In each of the hundreds of different religious orders, communities, and congregations the spirituality of the group is based on the founder of its congregation. For example, Mother Teresa founded the Missionaries of Charity whose members vow to serve “the poorest of the poor.” Some communities specialize in teaching and others in hospital work. Some engage in several active missions, and a few devote themselves to a cloistered life of contemplative prayer.

Consecrated religious live in community with other members of their order. They share all meals together and try to work together, pray together, and recreate together. Because they take a vow of poverty, they don’t own their own car, and they have no personal savings or checking accounts. The religious order they belong to provides all this, and they must ask their superiors when they need or want something. This is where that vow of obedience kicks in.

Distinctions among various types of communities can be best explained by looking at where members live:

  • Monastery: Technically speaking, monks and nuns live in monasteries with restricted access to the outside world. Monasteries are places where only women as nuns reside or where only men as monks live. Few monasteries have guest accommodations, and the monks or nuns live a monastic type of spirituality, such that they all gather in the chapel to pray together and then all eat together and then all work somewhere in the monastery, cooking, cleaning, and so on. Members of these orders spend as much time as possible in work and in prayer.

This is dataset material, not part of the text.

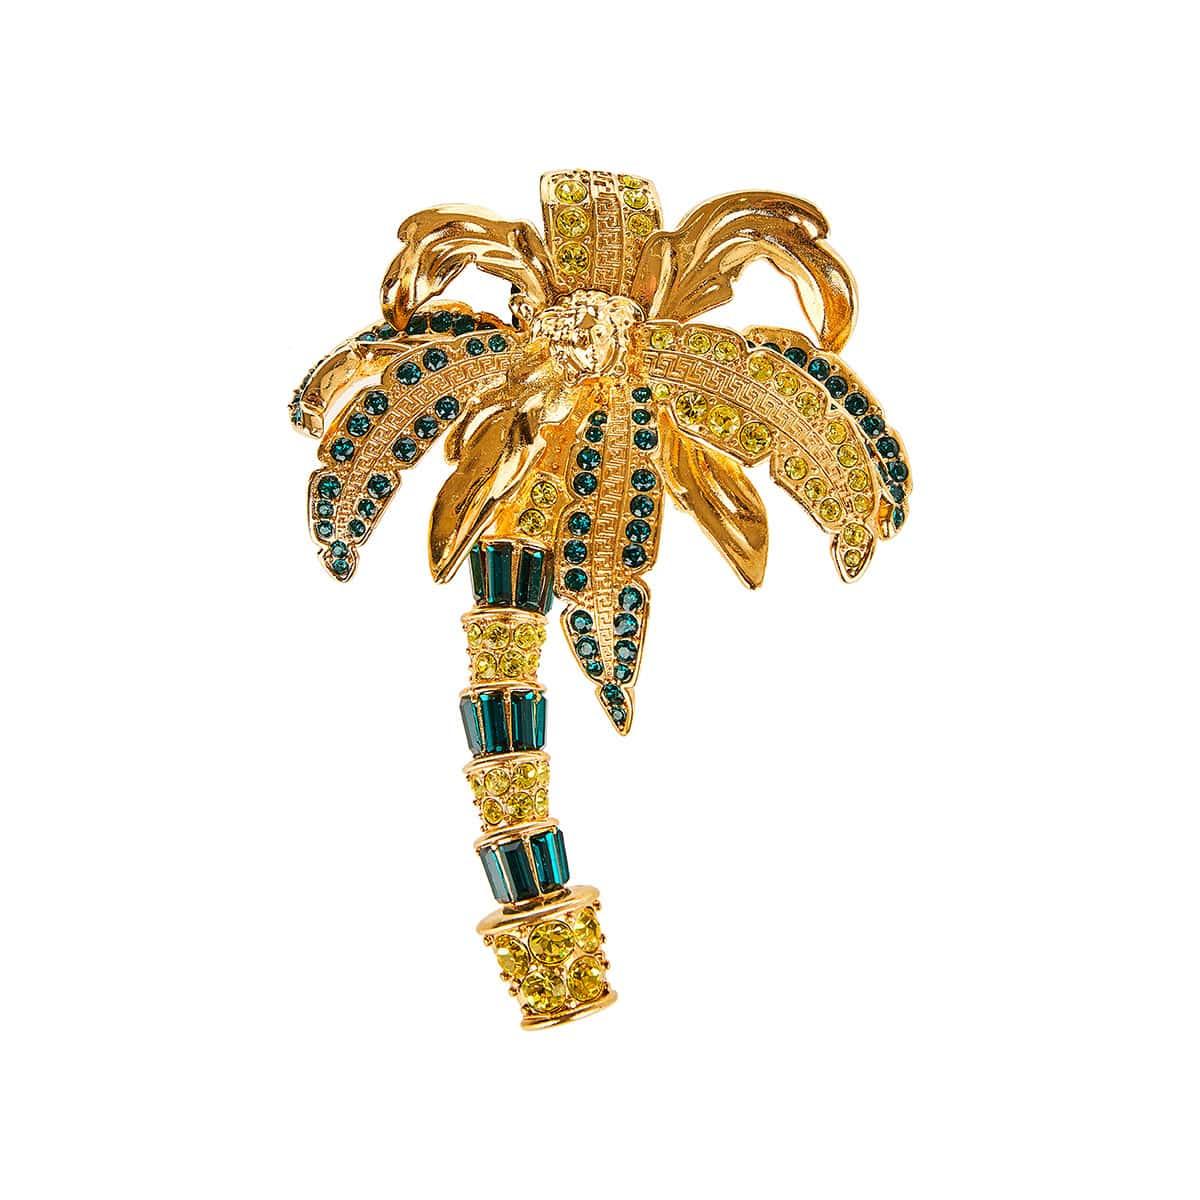 Crystal-embellished palm tree brooch

  • Convent: Religious sisters live in convents which offer more open access to the secular world. Residents typically live and pray in the convent but work outside in schools, hospitals, and so on.

    The religious sisters who teach in parochial schools technically aren’t nuns — they’re religious sisters.

  • Friary: A friary is the male version of a convent. It’s a place where religious men called brothers live, work, and pray together, although they may work outside the friary. Friars bridge the gap between the urban parish and the monastery, and they aren’t as cloistered or semi-cloistered as their monk and nun counterparts.

How cloistered the group is depends on the religious order or community and the founder who started it.

You can identify the order of the monk, nun, sister, or friar by their habit (religious garb). Franciscans typically wear brown, the Dominicans wear white, the Benedictines wear black, and the Missionaries of Charity wear white with blue stripes. Some communities of women no longer wear a veil on their head but wear a pin that identifies them with their order instead. The style, size, and color of the women’s veils also designate their community.